Wow, even a few all-NBA players who rank pretty low on the VORP / WS scale. There are a lot more all-NBA calibre players with higher WS than VORP though, as we see you basically have to have over 7.5 WS to be considered all-NBA while there are players near 0 VORP… 0 value above a replacement player!!!

My gut instinct is that these guys are great defensive players part of championship teams… let’s check this category out…
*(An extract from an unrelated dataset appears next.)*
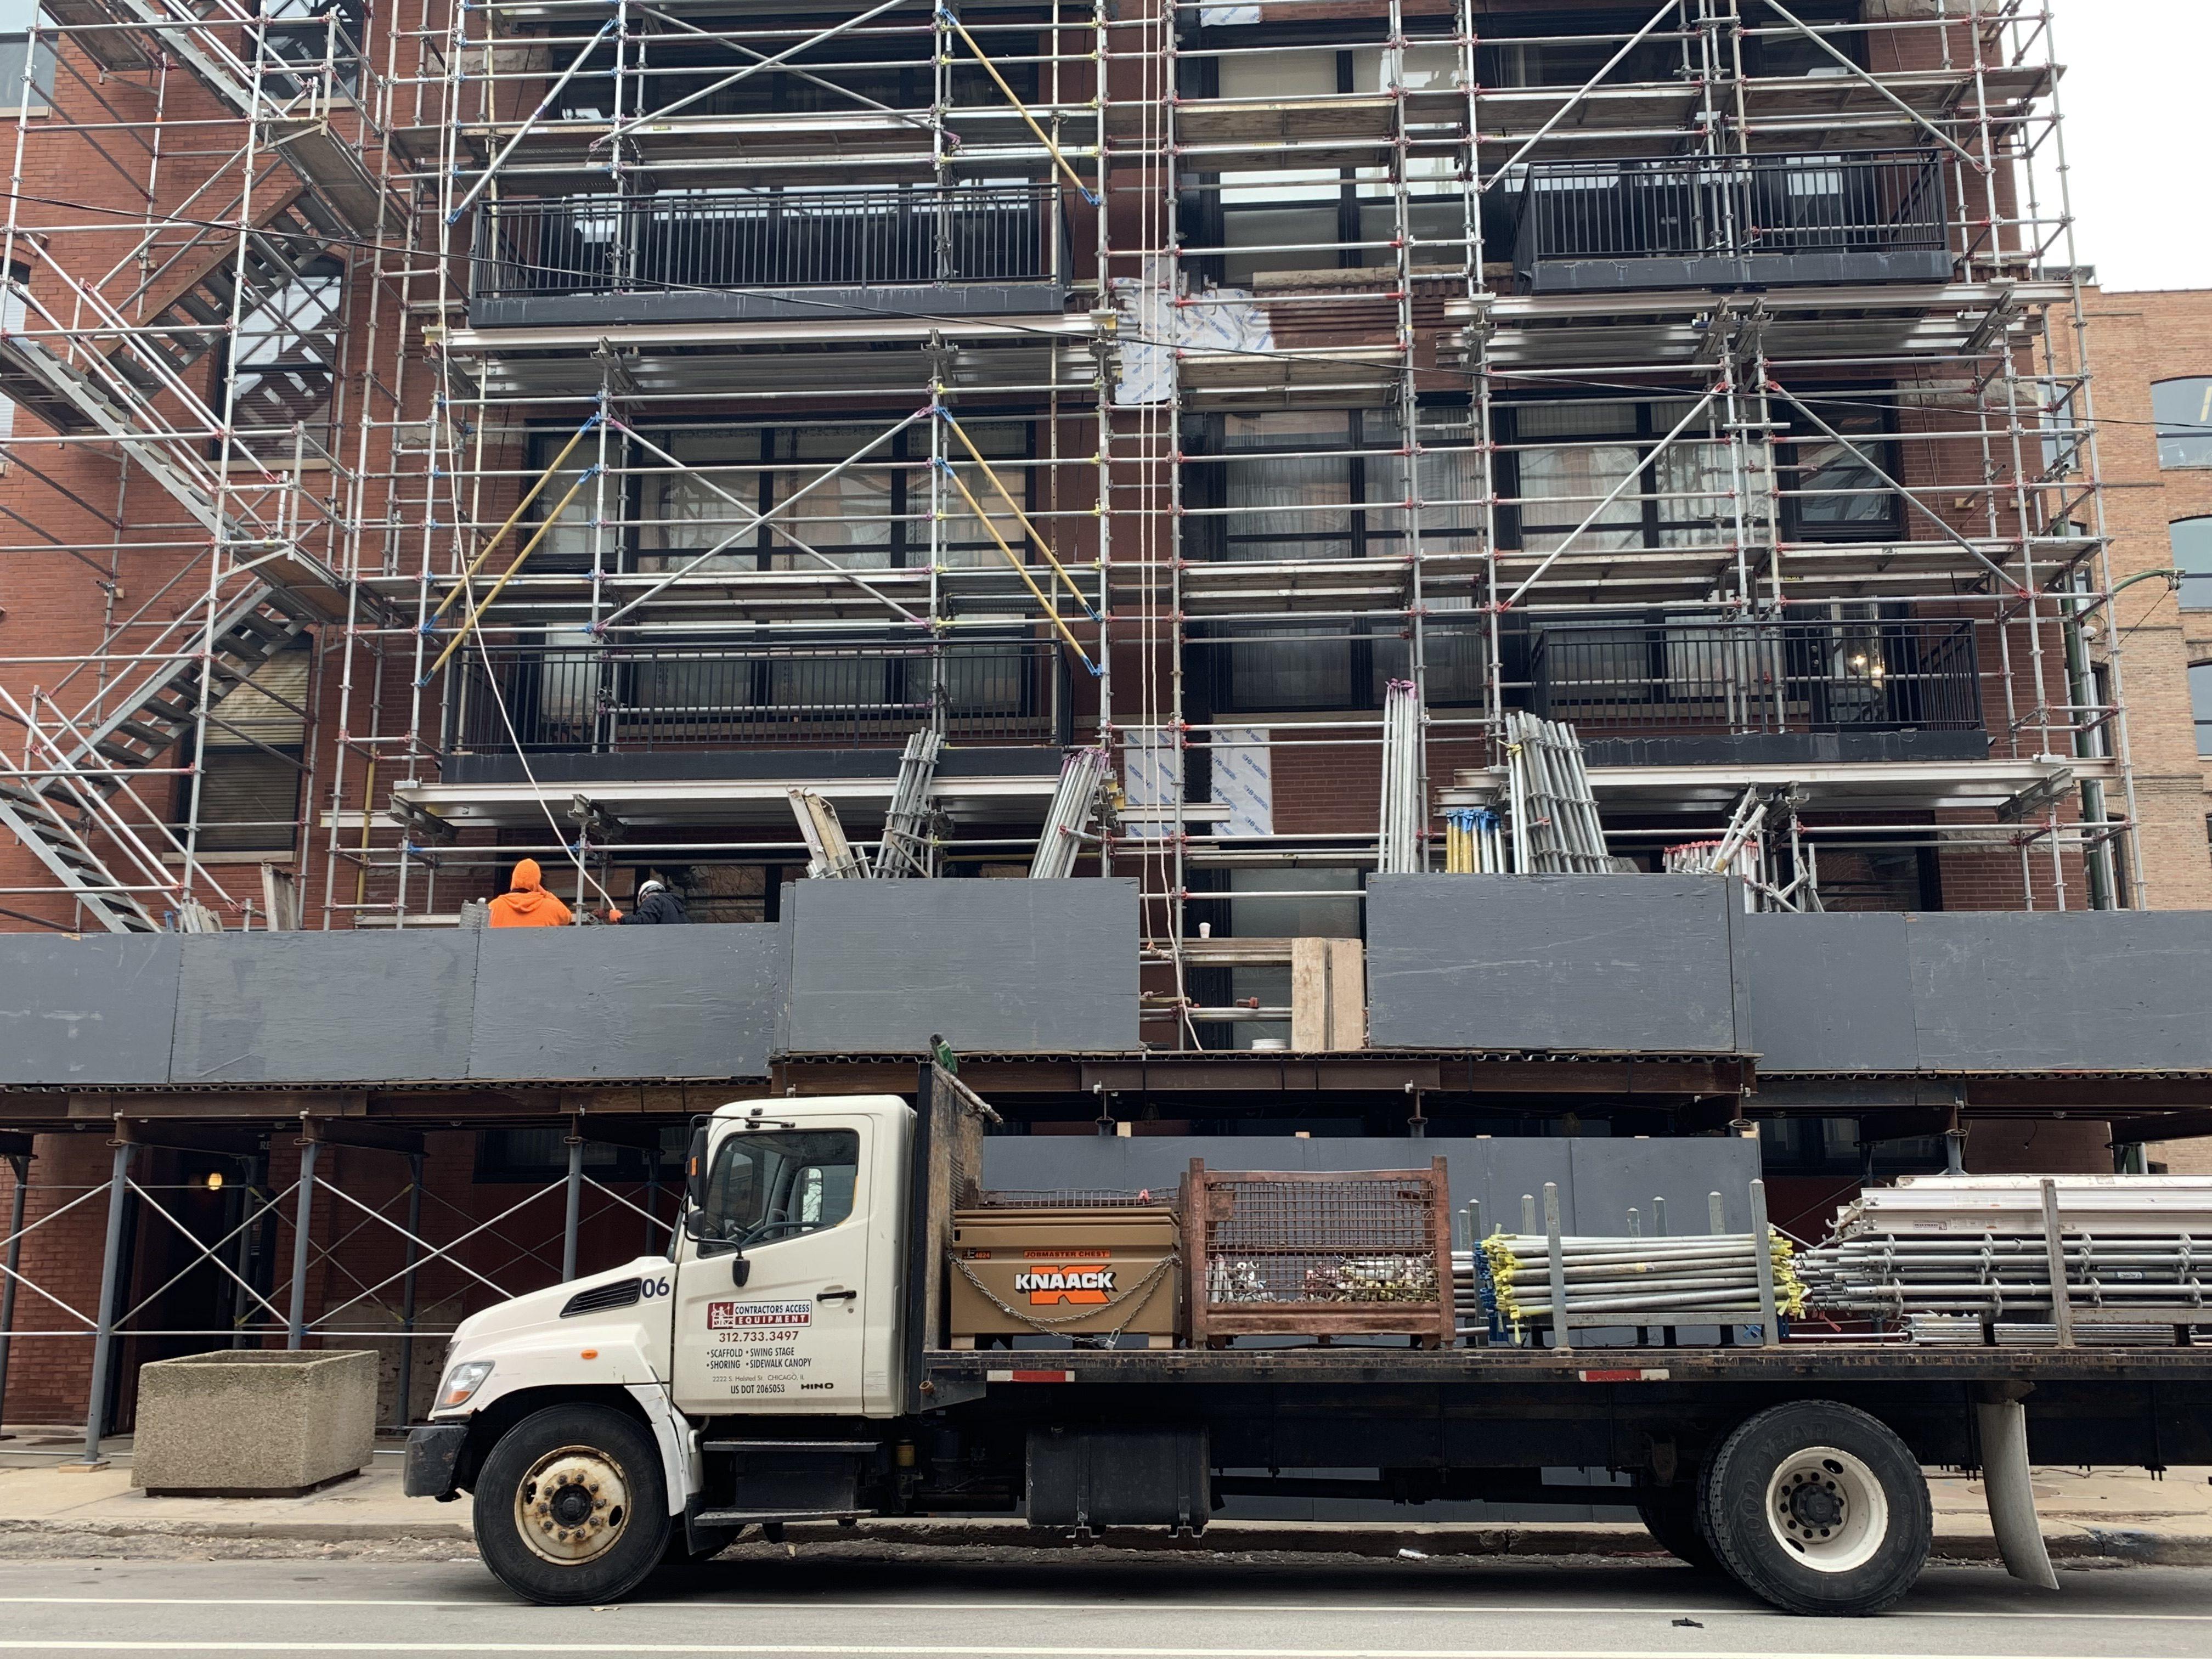 541 W. Fulton - Shoring & Tower scaffold 5

All-NBA, High WS, Low VORP

In [20]:
playerAggDfAllNbaAllStar[playerAggDfAllNbaAllStar['accolades_all_nba'] == 'All-NBA'].sort_values('advancedStats_VORP', ascending = True)[[
    'season_start_year',
    'perGameStats_Player',
    'perGameStats_Age',
    'perGameStats_Tm',
    'perGameStats_G',
    'perGameStats_MP',
    'advancedStats_BPM',
    'advancedStats_VORP',
    'advancedStats_WS',
    'per100Stats_PTS',
    'per100Stats_TRB',
    'per100Stats_AST',
    'per100Stats_STL',
    'per100Stats_BLK',
    'per100Stats_TOV'
]].head(20)
Out[20]:
season_start_year perGameStats_Player perGameStats_Age perGameStats_Tm perGameStats_G perGameStats_MP advancedStats_BPM advancedStats_VORP advancedStats_WS per100Stats_PTS per100Stats_TRB per100Stats_AST per100Stats_STL per100Stats_BLK per100Stats_TOV
4420 1993 Dominique Wilkins* 34 LAC 25 37.9 0.0 0.5 2.6 37.0 8.9 2.8 1.5 0.4 2.6
286 1980 Tiny Archibald* 32 BOS 80 35.3 -1.3 0.5 6.9 18.7 3.0 10.4 1.3 0.3 4.5
11781 2013 Tony Parker 31 SAS 68 29.4 -0.5 0.8 5.9 28.7 3.9 9.8 0.9 0.2 3.8
12467 2015 Andre Drummond 22 DET 81 32.9 -0.5 1.0 7.4 24.9 22.7 1.3 2.3 2.1 2.9
6514 2000 Dikembe Mutombo* 34 PHI 26 33.7 2.5 1.0 3.7 18.4 19.5 1.3 0.5 4.0 3.1
9418 2008 Carmelo Anthony 24 DEN 66 34.5 0.3 1.3 5.0 33.6 10.1 5.0 1.7 0.5 4.5
3315 1990 Bernard King* 34 WSB 64 37.5 0.1 1.3 3.5 37.2 6.5 6.0 1.1 0.3 5.2
6513 2000 Dikembe Mutombo* 34 ATL 49 35.0 0.9 1.3 4.5 13.5 21.1 1.6 0.6 4.2 2.8
4419 1993 Dominique Wilkins* 34 ATL 49 34.4 1.4 1.4 5.8 36.1 9.2 3.4 1.9 0.7 3.6
11907 2014 LaMarcus Aldridge 29 POR 71 35.4 0.3 1.4 8.6 33.7 14.7 2.5 1.0 1.4 2.5
11490 2013 LaMarcus Aldridge 28 POR 69 36.2 0.3 1.5 7.5 32.5 15.5 3.6 1.3 1.4 2.5
6902 2001 Jermaine O’Neal 23 IND 72 37.6 0.2 1.5 6.4 26.4 14.6 2.3 0.9 3.2 3.4
10973 2011 Rajon Rondo 25 BOS 53 36.9 1.3 1.6 4.9 17.1 7.0 16.8 2.6 0.1 5.2
10166 2009 Amar’e Stoudemire 27 PHO 82 34.6 0.3 1.6 10.7 33.6 13.0 1.5 0.9 1.5 3.8
12752 2015 Klay Thompson 25 GSW 80 33.3 0.7 1.8 8.0 32.1 5.5 3.0 1.1 0.9 2.5
8863 2006 Yao Ming* 26 HOU 48 33.8 2.3 1.8 7.4 39.2 14.7 3.1 0.6 3.1 5.4
4918 1995 Juwan Howard 22 WSB 81 40.7 0.2 1.8 5.6 27.8 10.3 5.6 1.0 0.6 4.7
1289 1983 Moses Malone* 28 PHI 71 36.8 0.7 1.8 9.5 29.7 17.5 1.8 1.3 2.0 4.6
10949 2011 Tony Parker 29 SAS 60 32.1 1.7 1.8 7.1 29.4 4.6 12.4 1.5 0.1 4.1
4258 1993 Kevin Johnson 27 PHO 67 36.6 0.9 1.8 8.7 27.1 3.4 12.9 2.5 0.2 4.8

So, somehow, nobody on this last has a VORP of higher than 1.8. This means that no one on this list has a BPM of higher than -0.2. In fact, some have VORPs close to 0, which mean they are being valued close to a replacement player. How is this possible?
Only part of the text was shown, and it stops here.